Bel­gi­um: Manage­ment of staff posi­ti­ons (Head Legal, Head Risk, etc.) incom­pa­ti­ble with the role of DPO?

The Data Pro­tec­tion Offi­cer within the mea­ning of Art. 37 et seq. GDPR (DPO) must, among other things, be independent:

• Pur­su­ant to Art. 38 Para. 3, the fol­lo­wing shall app­ly to him “in the per­for­mance of his duties, no ins­truc­tions as to the per­for­mance of such duties” may be issued, and the DPO “may not be remo­ved or dis­ad­van­ta­ged by the con­trol­ler or pro­ces­sor becau­se of the per­for­mance of his or her duties”.
• Accor­ding to Art. 38 (6) GDPR, the DPO may per­form other tasks and duties; howe­ver, it must be ensu­red that the­se do not lead to a con­flict of interest.
• Reci­tal 97 fur­ther sta­tes that DPO shall “whe­ther or not they are employees of the con­trol­ler, may per­form their duties and func­tions with com­ple­te inde­pen­dence” must.
• The EDSA, or rather the Artic­le 29 Working Group at the time, inclu­ded in its­elf in its gui­de­lines on DPOs (Gui­de­lines on Data Pro­tec­tion Offi­cers) in sec­tions 3.3 and 3.5.

It is clear, then, that a DPO can­not have exe­cu­ti­ve func­tions. The EDSA on this:

As a rule of thumb, con­flic­ting posi­ti­ons within the orga­nizati­on may include seni­or manage­ment posi­ti­ons (such as chief exe­cu­ti­ve, chief ope­ra­ting, chief finan­cial, chief medi­cal offi­cer, head of mar­ke­ting depart­ment, head of Human Resour­ces or head of IT depart­ments) but also other roles lower down in the orga­nizatio­nal struc­tu­re if such posi­ti­ons or roles lead to the deter­mi­na­ti­on of pur­po­ses and means of pro­ce­s­sing.[…]

The Bava­ri­an Sta­te Data Pro­tec­tion Office has the­r­e­fo­re alre­a­dy in 2016 deci­dedthat an IT mana­ger can­not be a DPO:

In the opi­ni­on of the BayL­DA, such a con­flict of inte­rest exi­sted in the case of a data pro­tec­tion offi­cer of a Bava­ri­an com­pa­ny who held the posi­ti­on of the company’s “IT mana­ger”. Such an expo­sed posi­ti­on with regard to the company’s data pro­ce­s­sing pro­ce­du­res is gene­ral­ly incom­pa­ti­ble with the duties of a data pro­tec­tion offi­cer. This would ulti­m­ate­ly amount to a data pro­tec­tion con­trol of one of the key func­tio­n­a­ries to be con­trol­led in the com­pa­ny by himself.

Howe­ver, it does not fol­low that, for exam­p­le, a Head of Legal, Gene­ral Coun­sel, Head of Com­pli­ance, etc. can­not act as DPO as long as this does not invol­ve an exe­cu­ti­ve func­tion in a busi­ness area; in this case, no con­flict of inte­rest should ari­se.

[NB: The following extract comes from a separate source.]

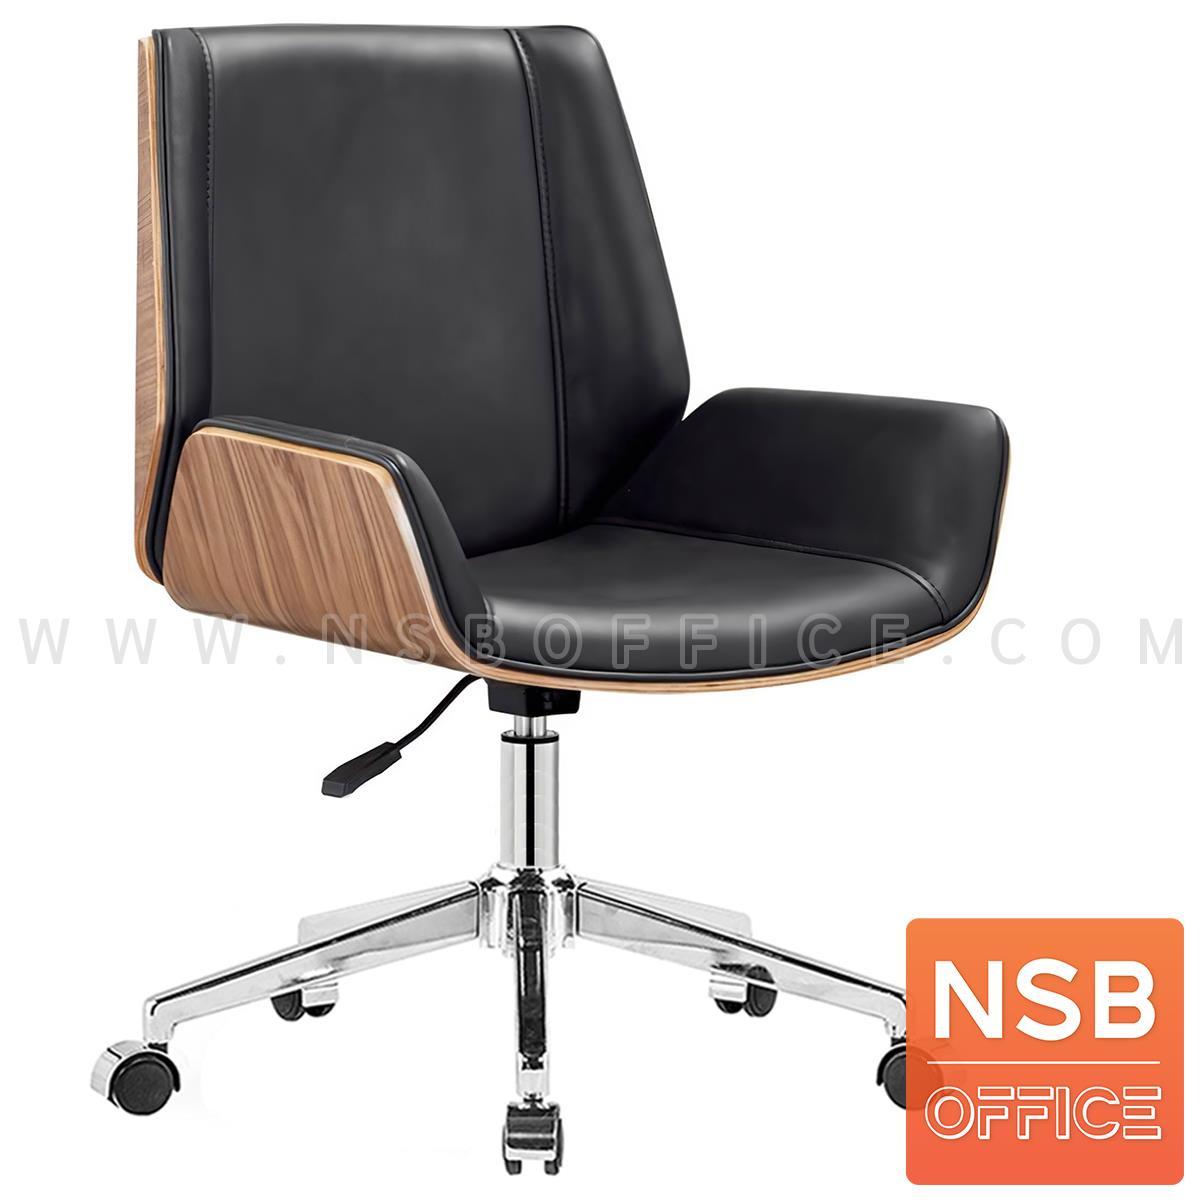 B01A542:เก้าอี้ผู้บริหาร รุ่น Capella ll (คาเพลล่า 2)  โช๊คแก๊ส ขาอลูมิเนียม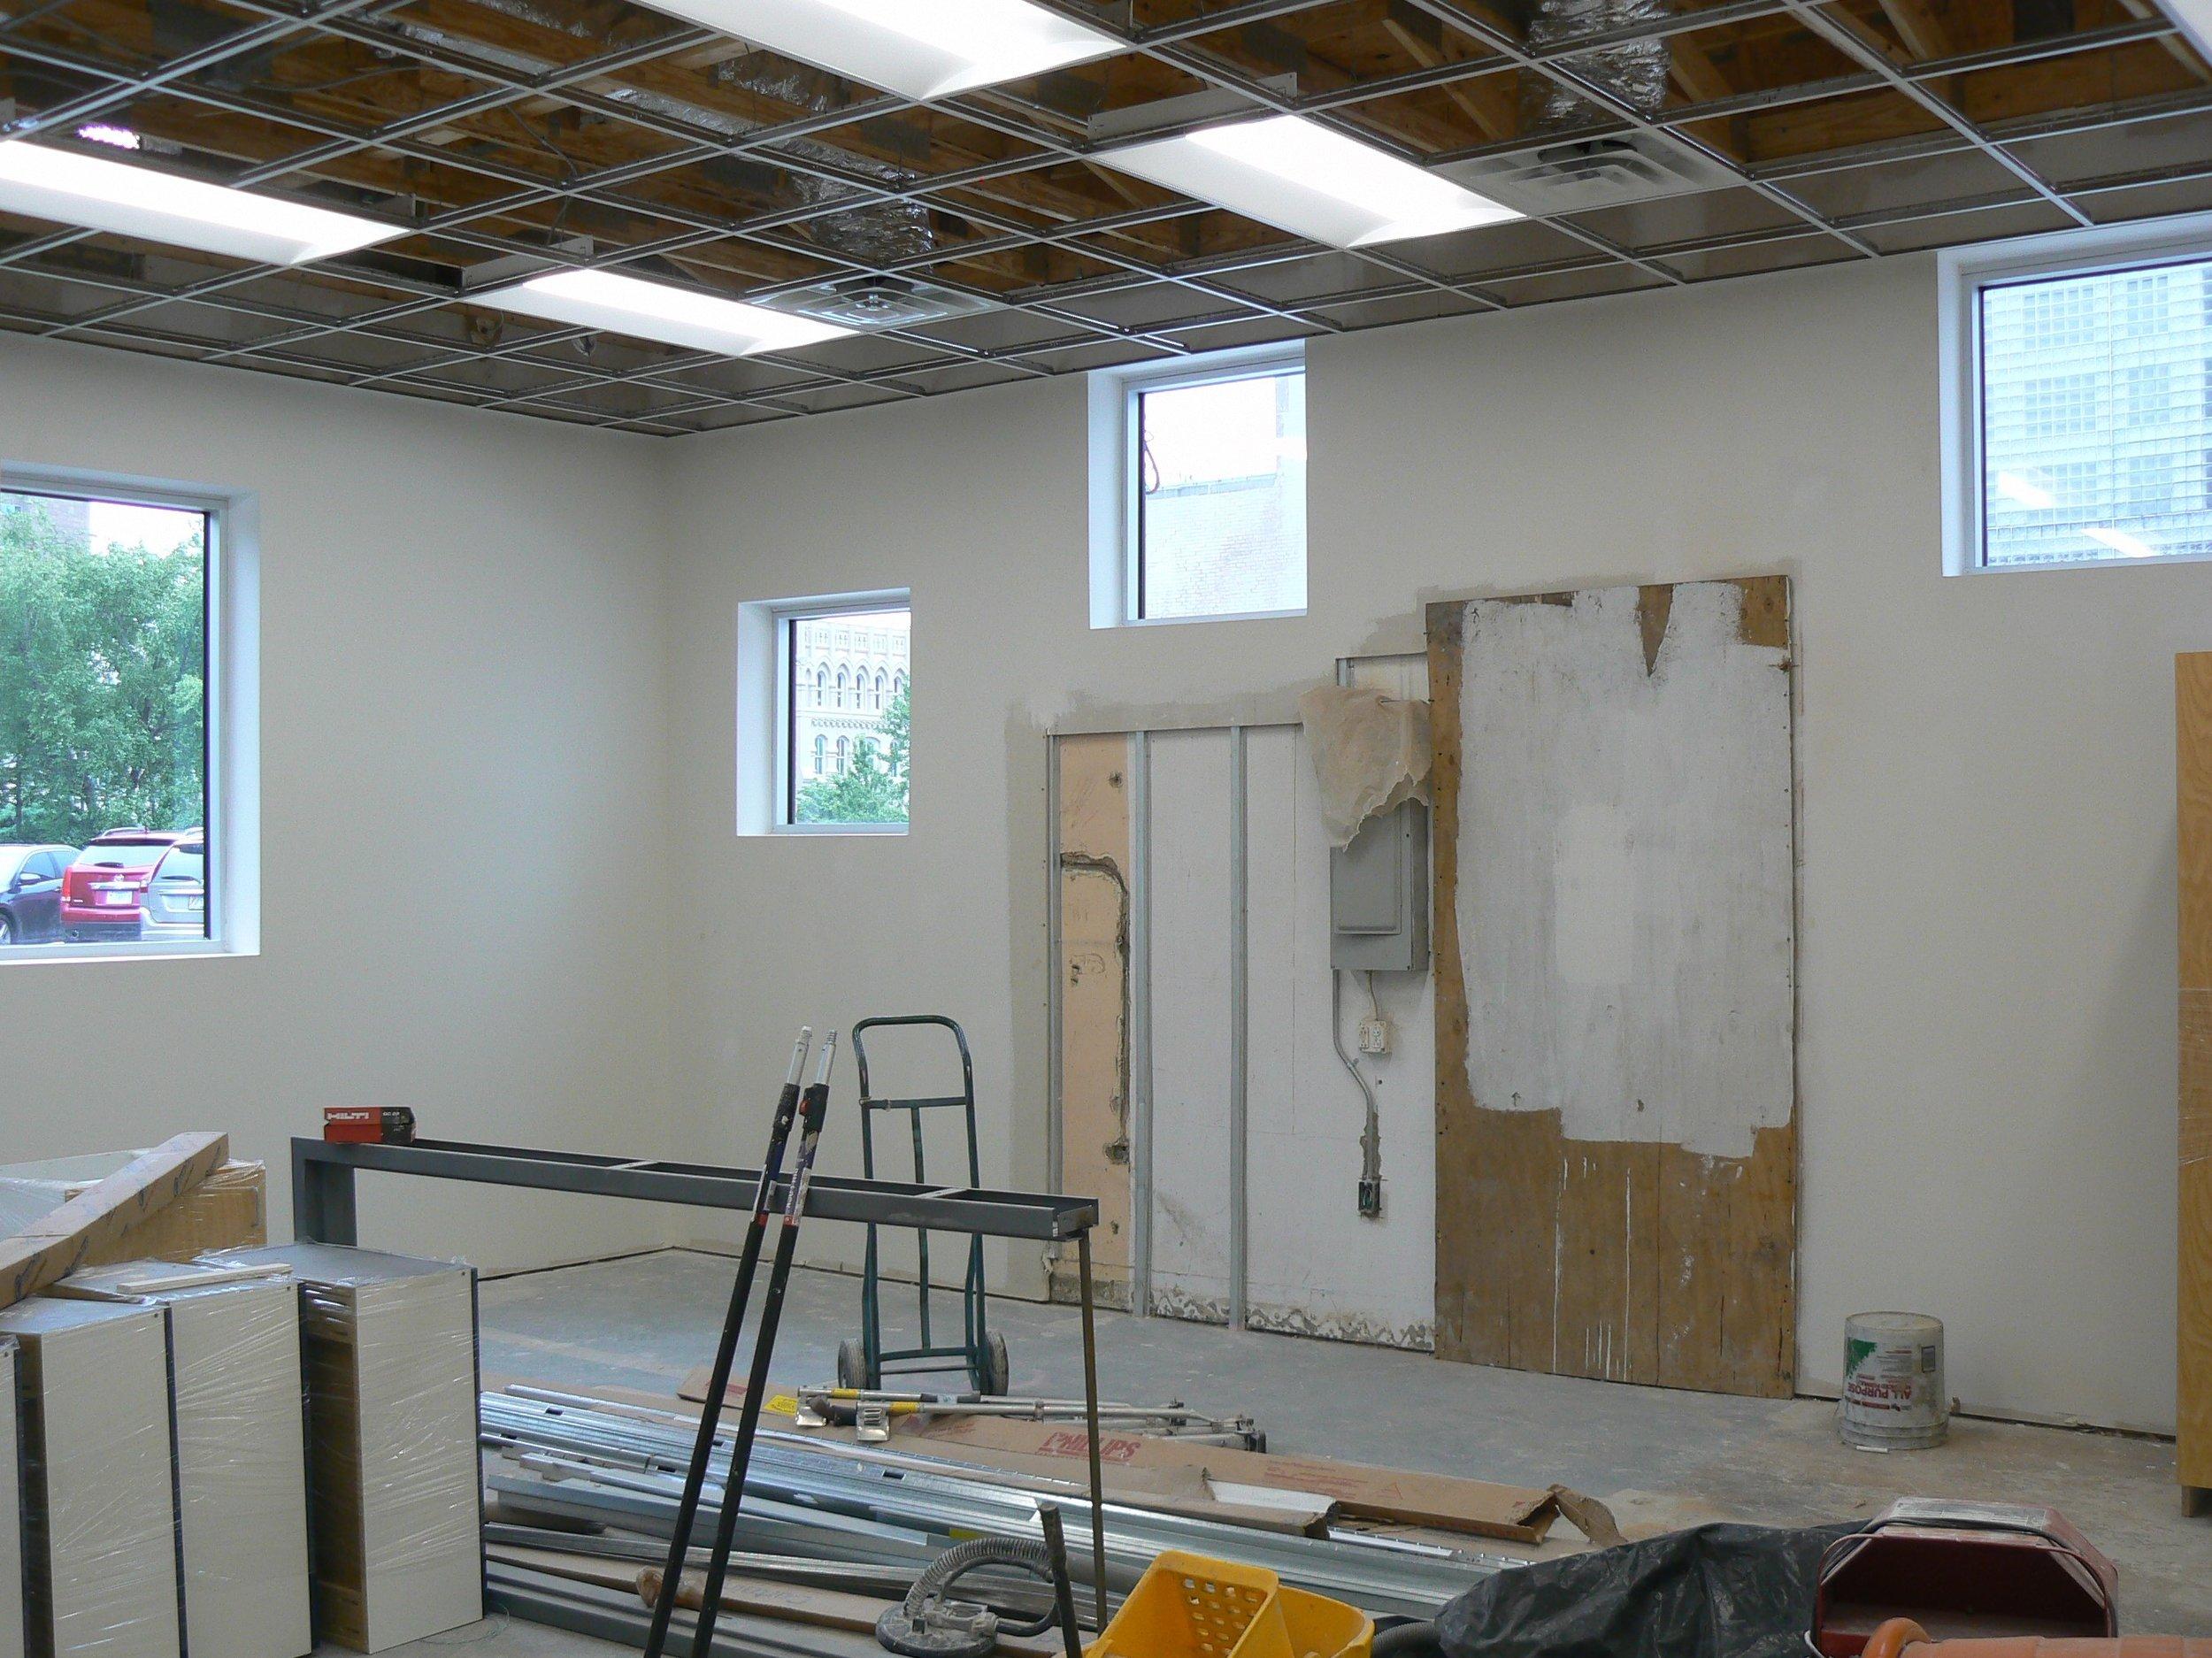 Northeast classroom

Howe­ver, the Bel­gi­an regu­la­tor has now appar­ent­ly impo­sed a fine of EUR 50,000 on April 28, 2020, on a com­pa­ny who­se DPO is the Head of Inter­nal Audit, Risk Manage­ment and Com­pli­ance Depart­ment was. As far as can be seen, the decis­i­on is no lon­ger available on the web­site of the Bel­gi­an aut­ho­ri­ty; howe­ver, cf. e.g. the reports by Link­la­ters and Field Fisher.

Accor­din­gly, in the spe­ci­fic case, the DPO was invol­ved in the pro­ce­s­sing of a data secu­ri­ty breach. Bey­ond the indi­vi­du­al case, howe­ver, the aut­ho­ri­ty was of the opi­ni­on that the head of the­se depart­ments was ulti­m­ate­ly neces­s­a­ri­ly respon­si­ble for the pro­ce­s­sing of per­so­nal data in con­nec­tion with the com­pli­ance, risk and audit acti­vi­ties, which is why he could not be inde­pen­dent. As a rule of thumb, the Direc­tion of any (staff or busi­ness) func­tion incom­pa­ti­ble with the office of DPO..

This atti­tu­de is cer­tain­ly extra­or­di­na­ri­ly strict, and it con­tra­dicts a wide­spread practice.